В настоящее время правительство приняло уже некоторые меры, и время покажет, насколько они будут полезны и насколько предупредят это прогрессивно возрастающее обеднение. Указом 1868 года определено наделить вотчинников 45-ю, припущенников 15-ю десятинами на душу и запрещено со времени наделения (к чему было приступлено осенью 1870 года) отдавать в кортому и продавать землю, за исключением оставшейся за наделом. Но только при энергическом содействии правительству влиятельных лиц из магометанской среды — Башкирцы могут быть мало-помалу вынуждены бросить свою полукочевую жизнь — главное препятствие земледелию, перестанут с весны и до поздней осени таскаться со своими «кошами» (войлочные кибитки) и уже небольшими табунами, пить кумыс и лежать день и ночь, а зимой, по своей беспечности, голодать и мерзнуть, несмотря на свои превосходные земли и обширные лесные дачи.

Как бы то ни было, а в настоящую минуту главную массу земледельческого населения в этой части Екатеринбургского уезда составляют разнохарактерные помещичьи и казенные крестьяне, выселенные сюда около ста лет назад заводчиками и правительством из различных местностей Европейской России. Большинство этого русского населения группируется около заводов и, следовательно, занимает самые худшие земли. Вообще здесь можно разделять крестьян на три категории: казенных, заводских и помещичьих.

Казенные крестьяне, самые древние русские поселенцы края, расположены исключительно по рекам Багаряку и Синаре (сюда относятся большие села: Бульзи, Огнево, Конево, Багаряк и др.[4]); помещичьи крестьяне составляют меньшинство и большей частью группируются около Челябинского тракта (Никольское, Тибук, Куяш, Метлино, Кожакуль, Урукуль); заводские крестьяне расположены у самой подошвы Урала (Рожественское, Воскресенское, Карагуз, Щелкун) и даже в самом Урале (Полдневая, Кособродская).

Казенные и заводские крестьяне владеют полным наделом — по пяти десятин на душу: земли их гораздо старее и худшего качества в сравнении с Тибуцкими, Куяшскими и Метлинскими. Помещичьи крестьяне большей частью получили так называемый подарок, т. е. по 5-ти осьминников (11/4 десятины) на душу.

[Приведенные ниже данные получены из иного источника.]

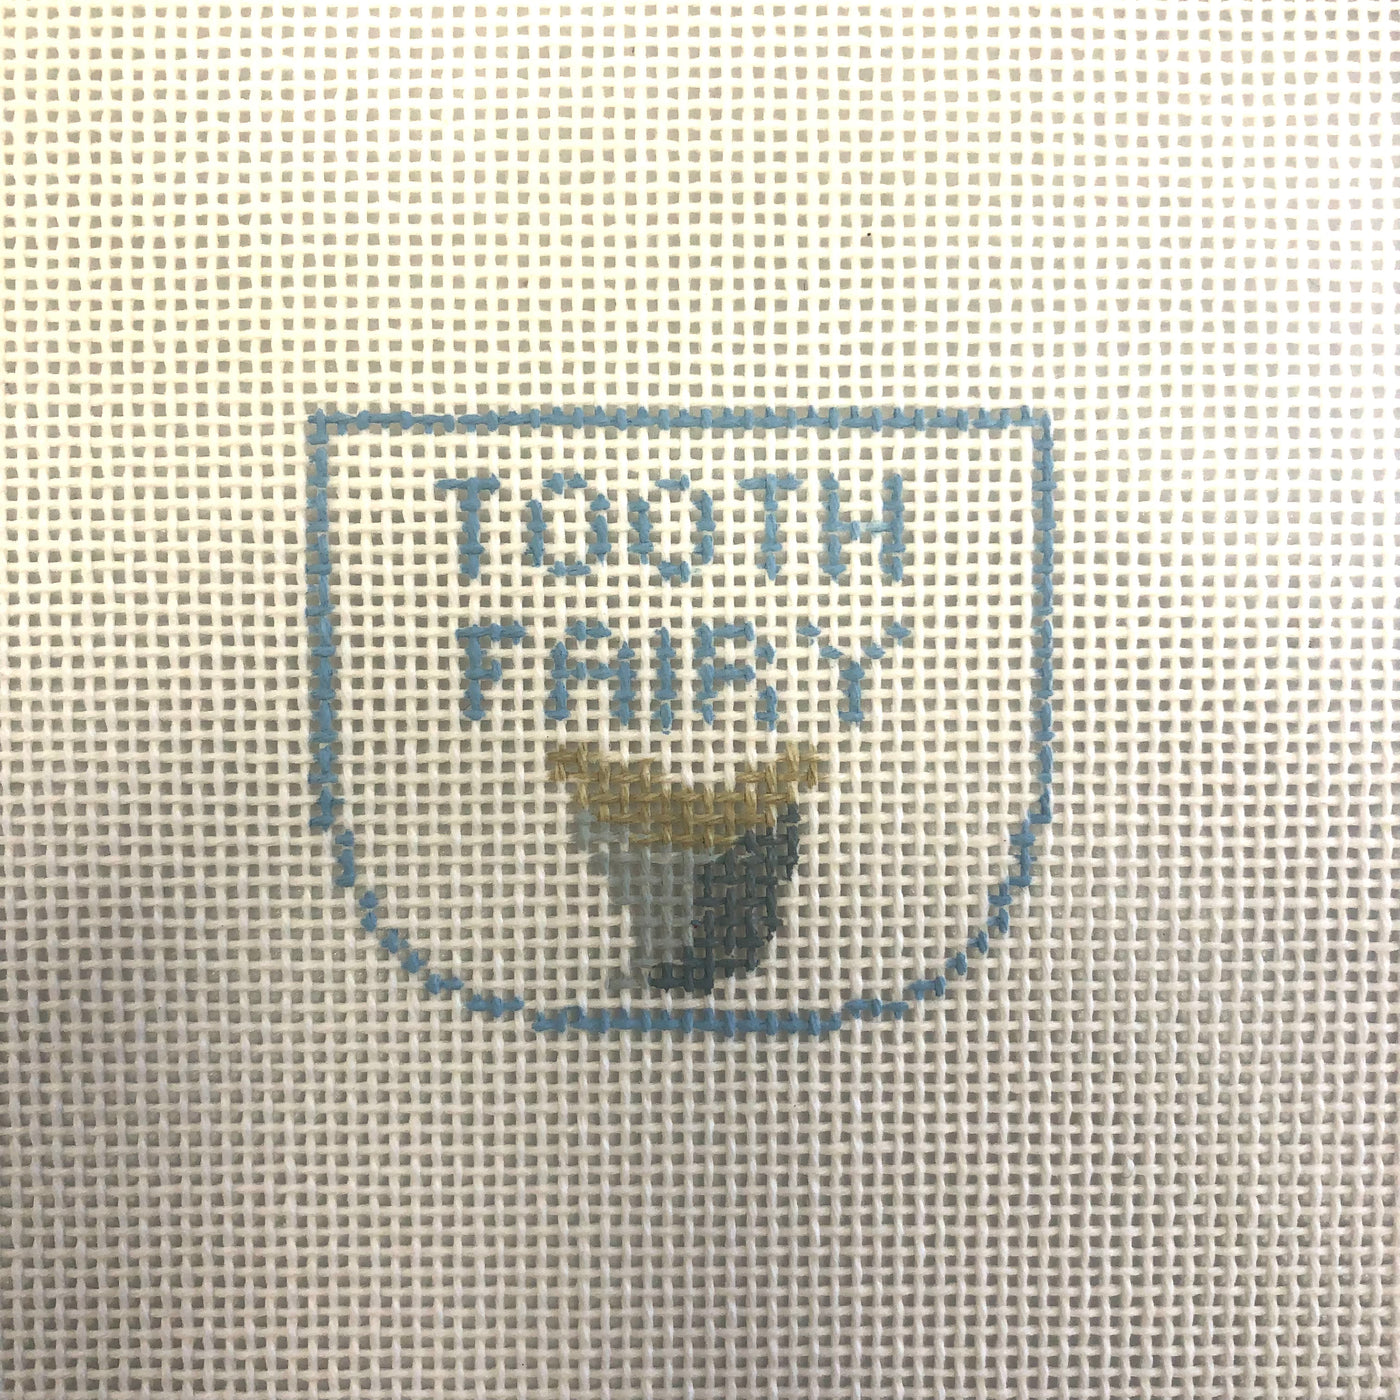 Shark Tooth Fairy Pillow

С одной стороны, дурное качество пашни казенных и заводских крестьян, с другой непомерно низкая арендная плата на непочатые башкирские земли, заставило весьма многих из них или вовсе бросать свои выпаханные и неудабриваемые поля или же обрабатывать как свои земли так и нанимаемые «в Татарах» удаленные от местожительства на 50 и даже 100 верст! Помещичьи крестьяне находятся в других условиях, что зависит от обширности помещичьих имений: большинство их арендует помещичью землю из известного количества пудов хлеба (см. д.) и только Метлинцы, получившие подарок, арендуют землю у своих односельчан другого помещика, получивших всю помещичью землю — по 45 десятин на душу, и платят за нее тоже весьма недорого — от 50 к. с. до 1 р. с. за десятину[5].

Пятьдесят копеек с десятины составляет почти высшую арендную плату за башкирские земли, и чем Башкирец беднее и чем более нуждается в деньгах в настоящую минуту (особенно перед сбором податей), тем дешевле «продает» он землю ловкому и хитрому крестьянину, умевшему выбрать время. Иногда кортомная плата доходит до невероятно малой цифры — до 12 1/2 к. с. и вообще она бывает тем менее, чем более количество и срок арендуемой земли. Нет сомнения, что земли, оставшиеся за наделом, будут продаваться не дороже 5–6 р. с. и обратят на себя внимание мелких капиталистов средней России, которые авось, но увлекутся уже плохими Уральскими россыпями и убедятся на деле, что земля дает самый верный доход, почти неподверженный случайностям. Мы увидим далее, как велик будет этот доход с земли при такой дешевизне ее и весьма незначительных затратах.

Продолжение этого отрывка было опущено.